E da sua mãe, você é próxima? Sim, a gente se fala toda semana. 

Você se acha parecida com ela? Sim. Você passa a vida inteira não querendo ser parecida, mas acaba sendo.

Em quais pontos você se acha parecida com ela? A minha mãe gastava muito dinheiro comprando roupa. E eu me vejo cometendo os mesmos erros. Eu tento consertar porque não quero repetir o que eu cresci vendo, mas é uma terapia quase que diária. Nessa pandemia eu vi que realmente não sei porque eu tenho aquele armário, não tem necessidade alguma.

O que te assustava na relação da sua mãe com as compras é que ela gastava um dinheiro que não tinha, se endividava? É. E eu também não tenho educação financeira, me faltou. Sempre fui compulsiva. Meus sócios já têm sei lá quantas casas, eu não tenho. Eu não tenho dinheiro. E por quê? Porque eu viajei o mundo inteiro, fiquei nos melhores hotéis, comprei tudo o que eu queria. Agora eu quero juntar dinheiro.

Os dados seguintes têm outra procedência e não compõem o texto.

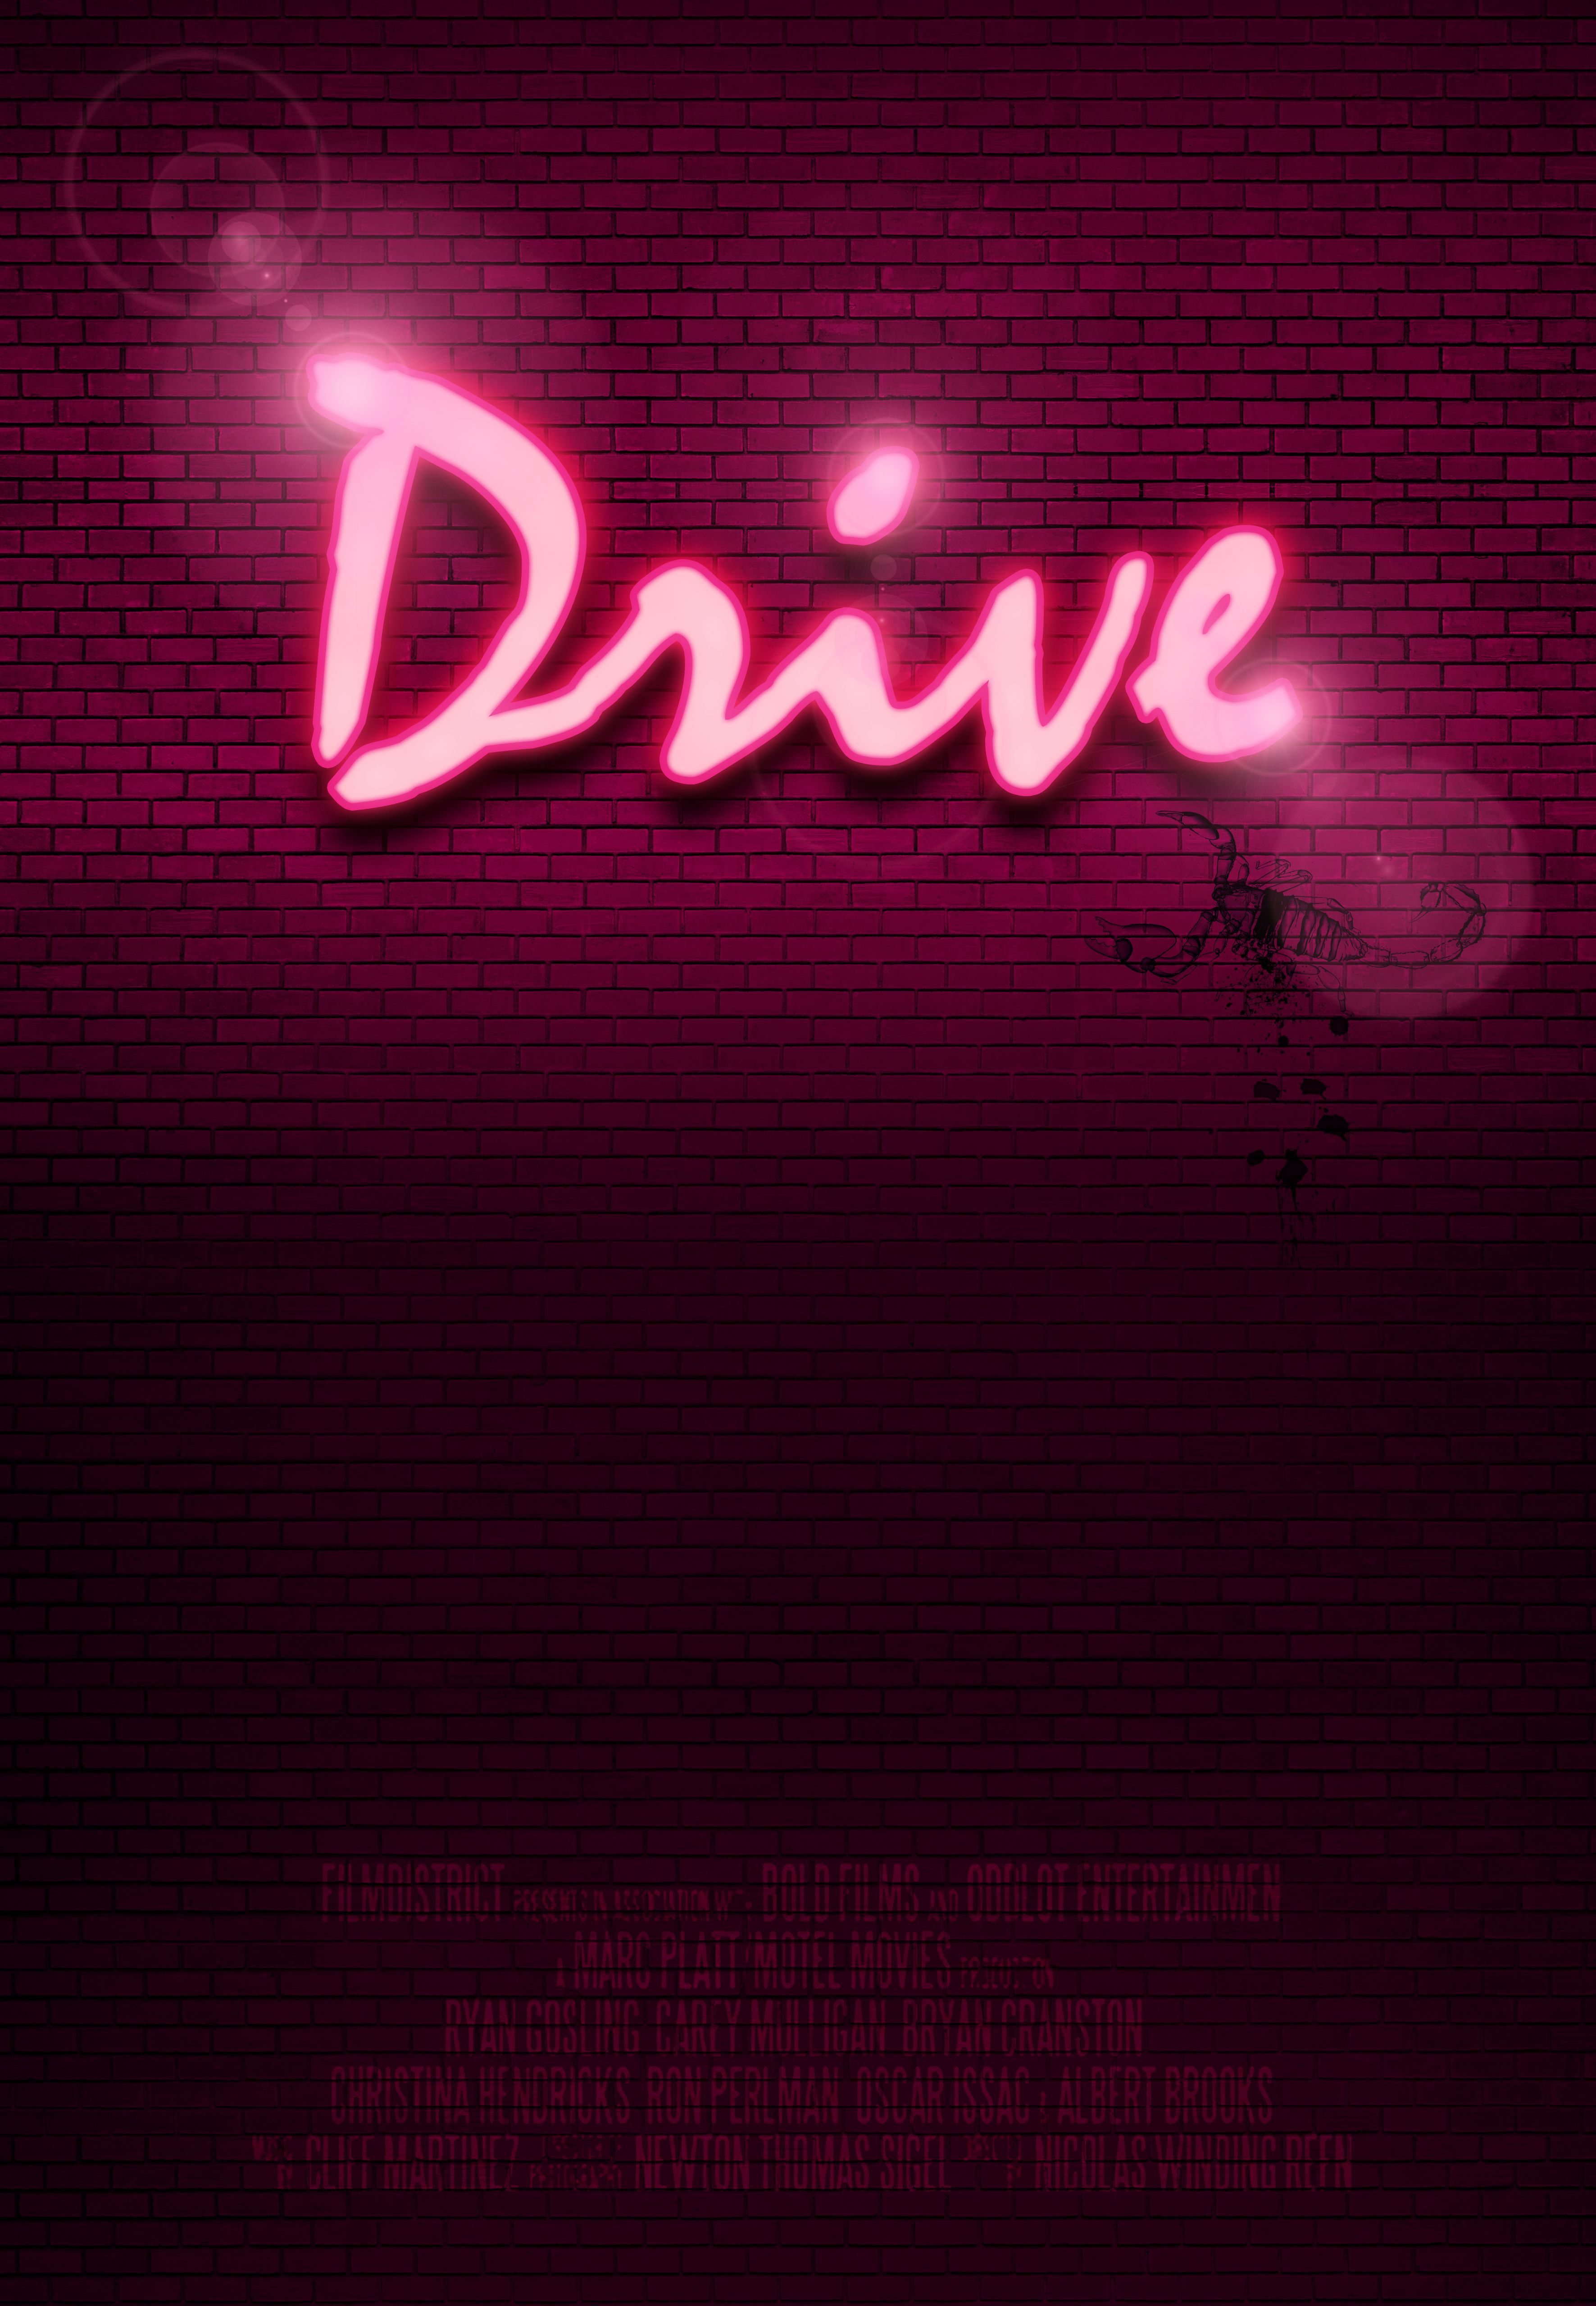 Drive movie poster. Drive movie poster, Drive

Você acha que isso tem a ver com você ter sido uma menina que não veio de uma família rica, mas que conviveu com gente muito rica? Total, mas a Preta também tinha essa mania horrorosa de gastar muito mais do que ela ganhava. Mas talvez se eu tivesse nascido com esse dinheiro todo eu não seria a pessoa feliz que sou hoje.